**Data section**
☆ ☆ ☆ ☆ ☆

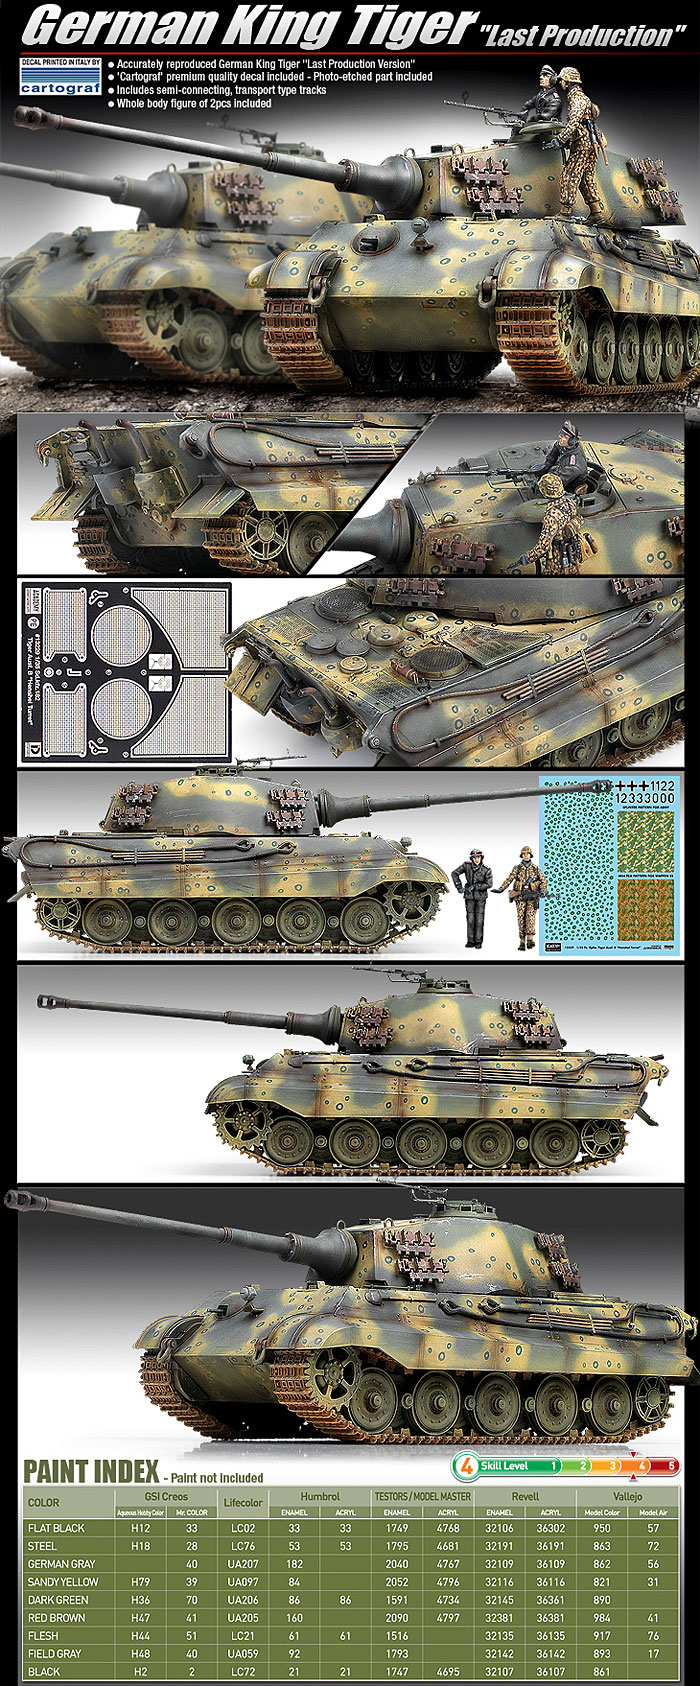 アカデミー 1/35 ドイツ重戦車 キングタイガー 最後期型 AM13229 プラモデル
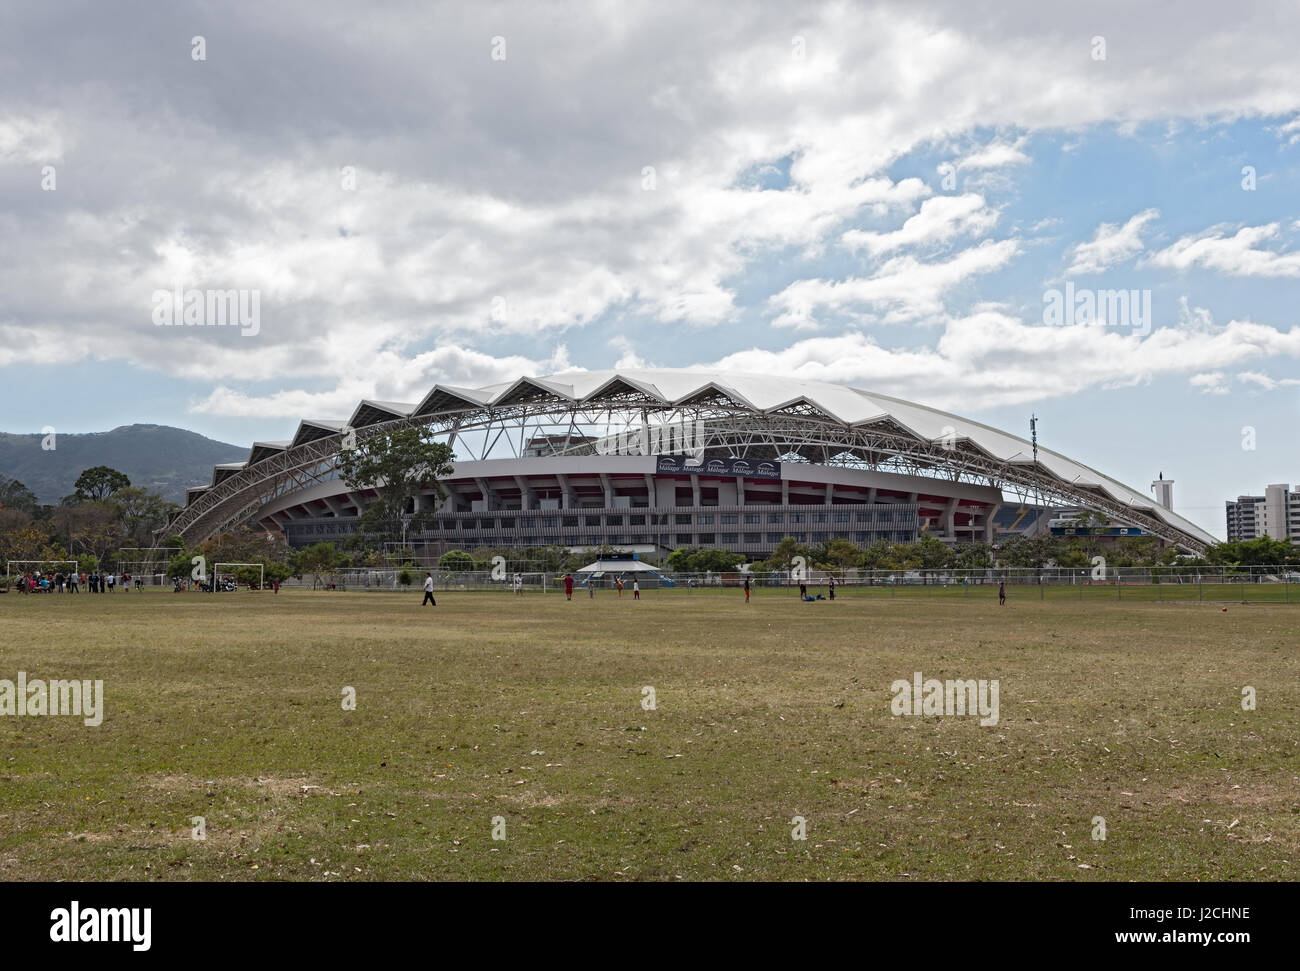 The National Stadium of Costa Rica at La Sabana Park, San Jose, Costa Rica Stock Photo
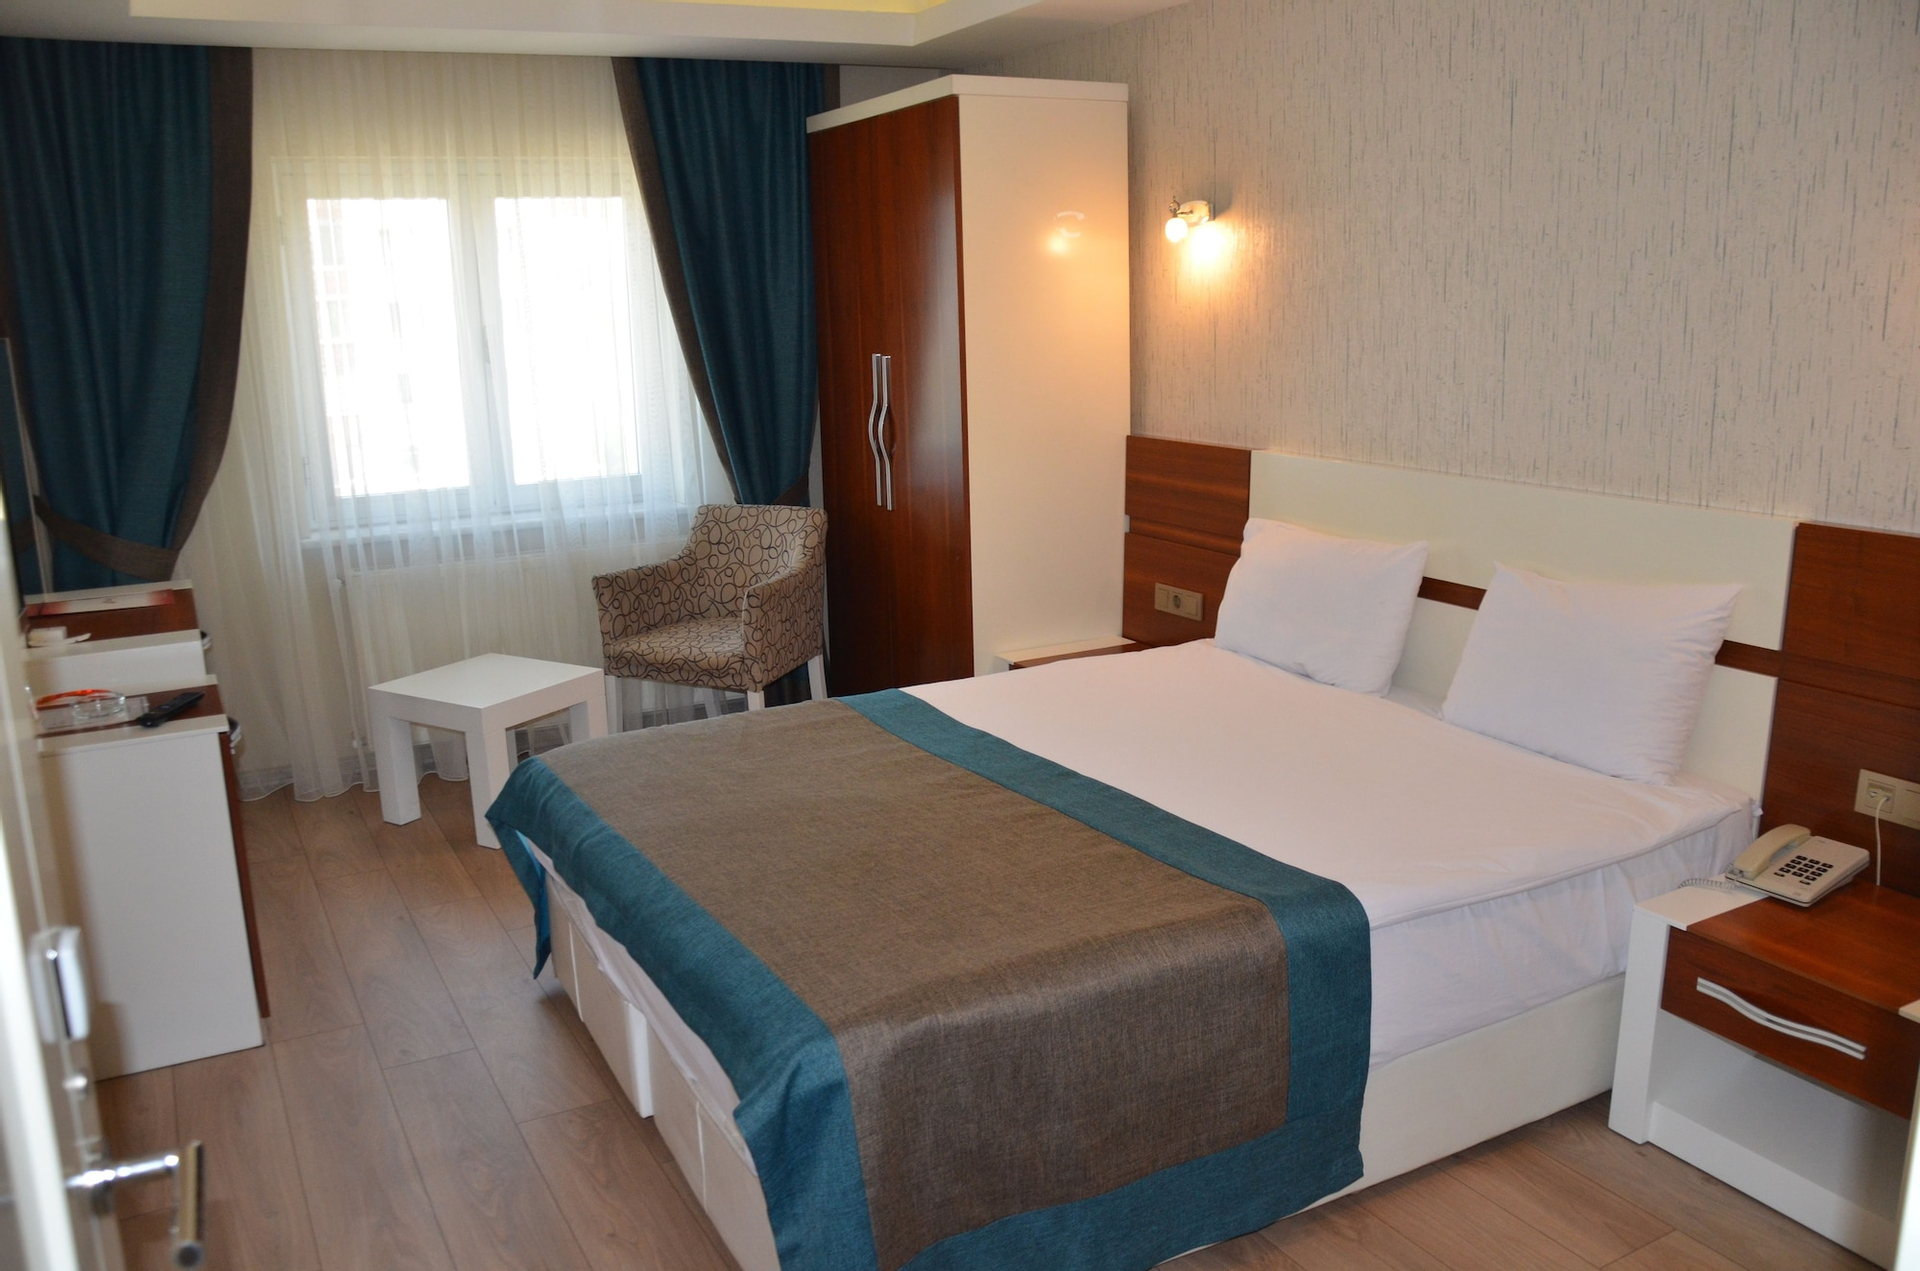 Bedroom 1, Grand Ahos Hotel & Spa, Ereğli

☆ ☆ ☆ ☆ ☆

Working from the material above, transcribe it exactly while omitting pictures.

**Finished task**
 アカデミー 1/35 ドイツ重戦車 キングタイガー 最後期型 AM13229 プラモデル
 The National Stadium of Costa Rica at La Sabana Park, San Jose, Costa Rica Stock Photo
 Bedroom 1, Grand Ahos Hotel & Spa, Ereğli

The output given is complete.